The coordinator sends the prepare message, but only half the cohorts receive it.
So those nodes successfully move to the prepared state.
But the other half never receives the message.
So that first group is now prepared and guaranteed to commit after a timeout.
But what about the second group, the one that's partitioned off?
The second group, after it times out, it looks at its own state.
And since it never saw the prepare message, it assumes the coordinator failed and the transaction must be aborted.
So one half of the system commits the transaction and the other half aborts it.
That is a split brain scenario.
It's a fundamental inconsistency, a complete violation of atomicity.
So in systems that prioritize durability and consistency above all else, especially with realistic network failures,
three PC is just too dangerous.
It is.
It exchanged the blocking flaw for a catastrophic inconsistency flaw.
It's a classic CAP theorem problem.
Precisely.
It sacrifices consistency during a partition.
And that means it has seen very little practical, wide -scale use compared to two PC, despite solving the blocking issue in theory.
And it's also got higher overhead, adding a whole other round of messages.
OK, so if we conclude that coordinating the commit decision with two PC or three PC is inherently fragile or slow, the natural question is, can we avoid that coordination entirely?
This is the radical paradigm shift introduced by the Calvin Protocol.
Calvin is a deterministic transaction processing system.
What it does is it shifts the coordination cost entirely, from the execution phase to the input sequencing phase.

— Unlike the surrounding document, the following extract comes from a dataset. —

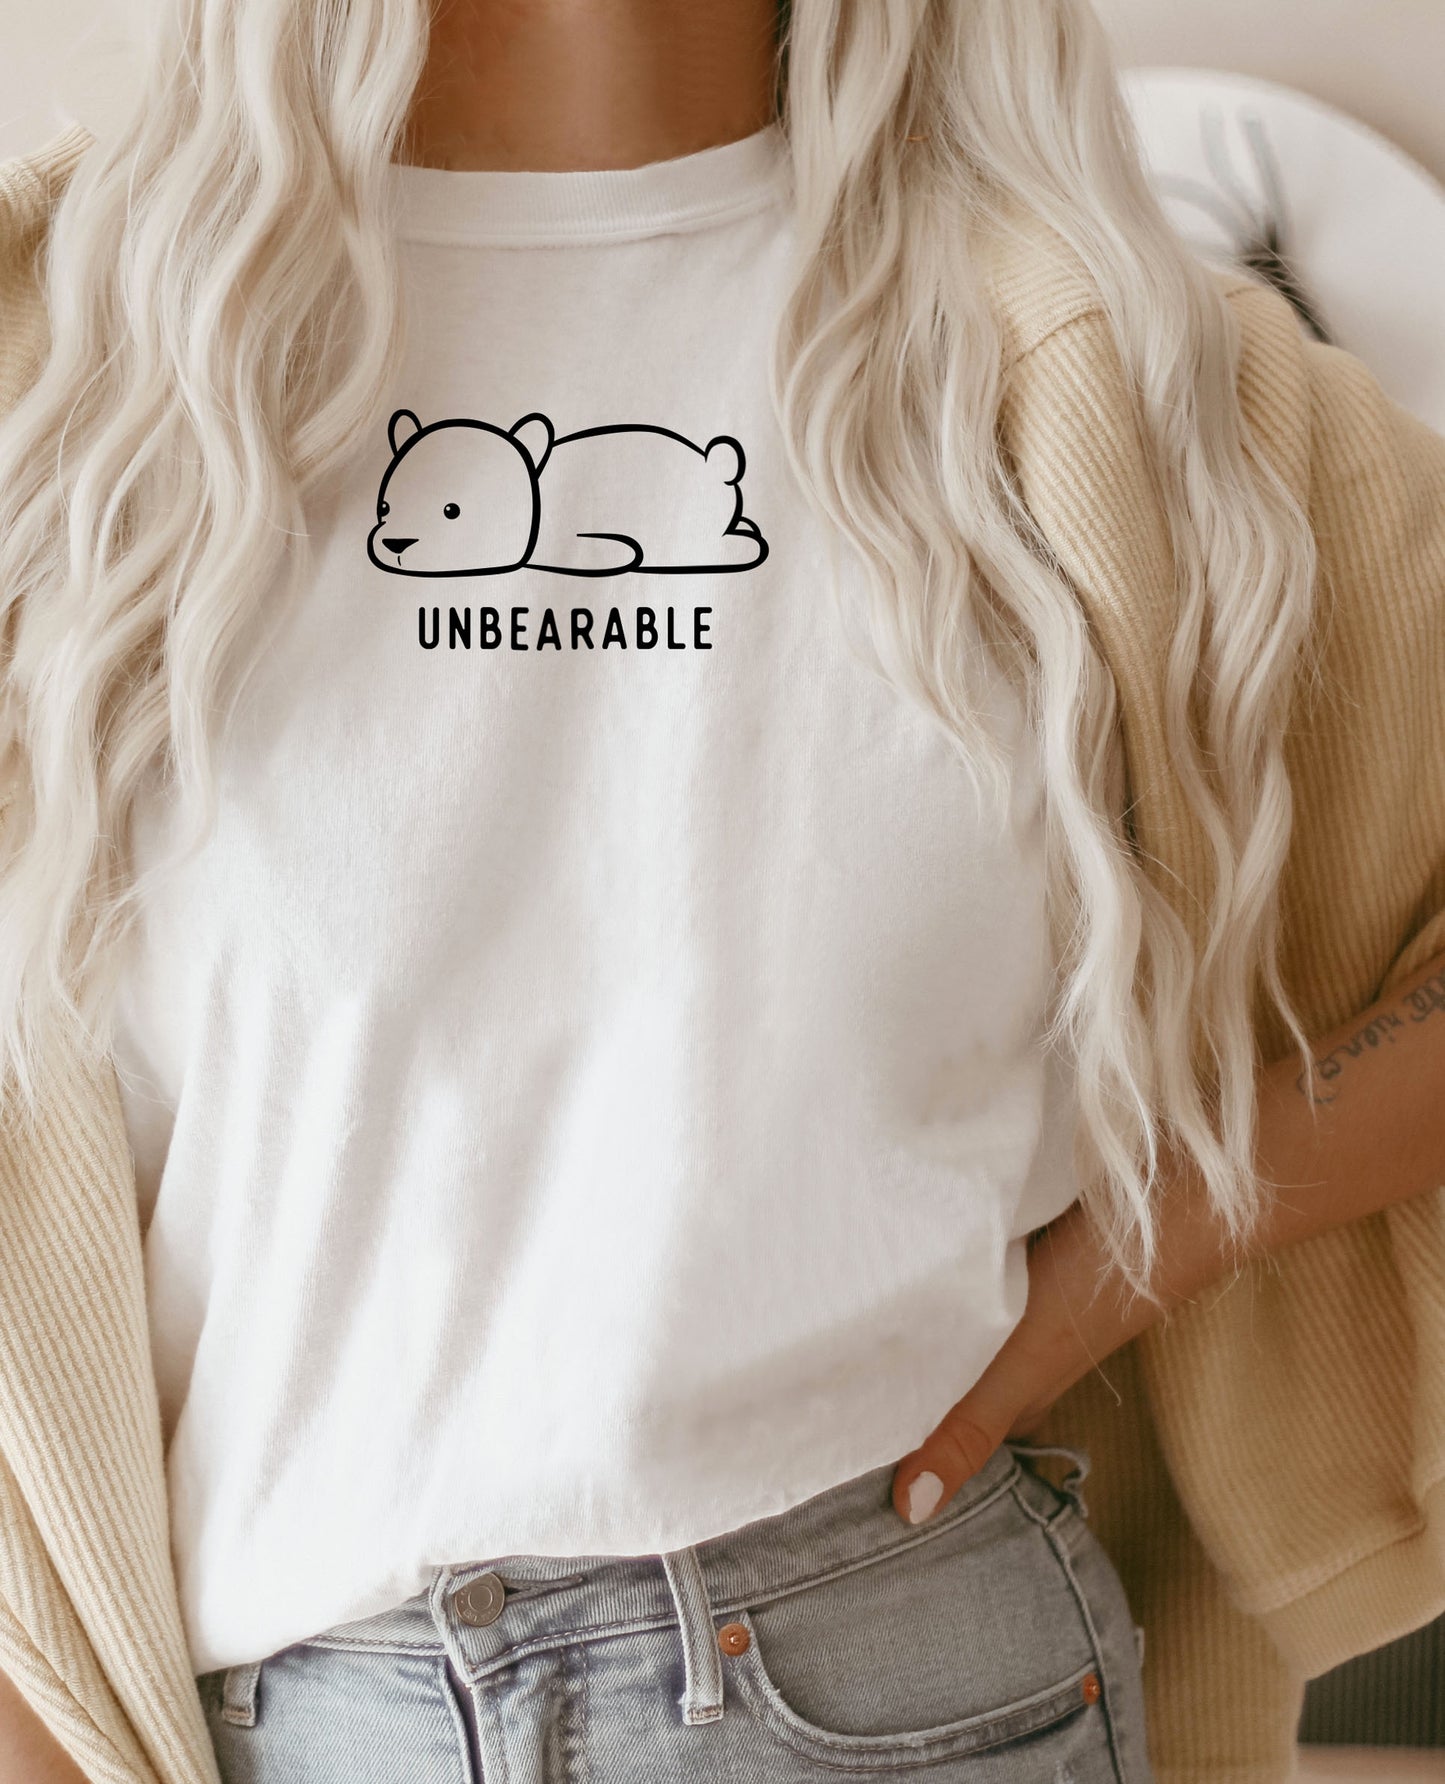 Unbearable - White Tee

So you pay the cost upfront.
You pay the cost upfront.
The core idea is simple.
If every replica in your distributed system receives the exact same set of transactions in the exact same sequence, and they all execute those transactions deterministically, then they are guaranteed to produce equivalent outputs without any runtime locking or coordination messages.
Exactly.
It's incredibly efficient because you completely bypass the chattiness of two PC.
So how is this global deterministic order achieved?
It's achieved by a dedicated front -end component, the sequencer.
All transaction requests first hit the sequencer, and the sequencer determines the global transaction input sequence.
To manage scale and batch operations, it groups transactions into these short time windows called epochs, say, maybe 10 milliseconds long.
So the sequencer is the one responsible for the ordering.
How does it make sure every replica agrees on that order?
The sequencer itself has to use a robust consensus algorithm, something like Paxos internally.
This is to ensure that all the replica sequencers agree on exactly which transactions are included in the current epoch or batch.
And that batch then becomes the primary unit of replication and processing.
And from there, the ordered batch moves to the scheduler.
And what's its job?
The scheduler is responsible for deterministic execution.
Since the serial order is already guaranteed by the sequencer, the scheduler can analyze the transactions within the batch and execute the various subparts in parallel across different partitions, knowing that the overall serial order will be preserved.
It sounds like it dramatically reduces contention because the coordination on order is already paid for.
It does.
But it imposes a pretty significant architectural constraint on the application developer.
And what's that?
For Calvin to work, every transaction has to declare its entire access pattern upfront.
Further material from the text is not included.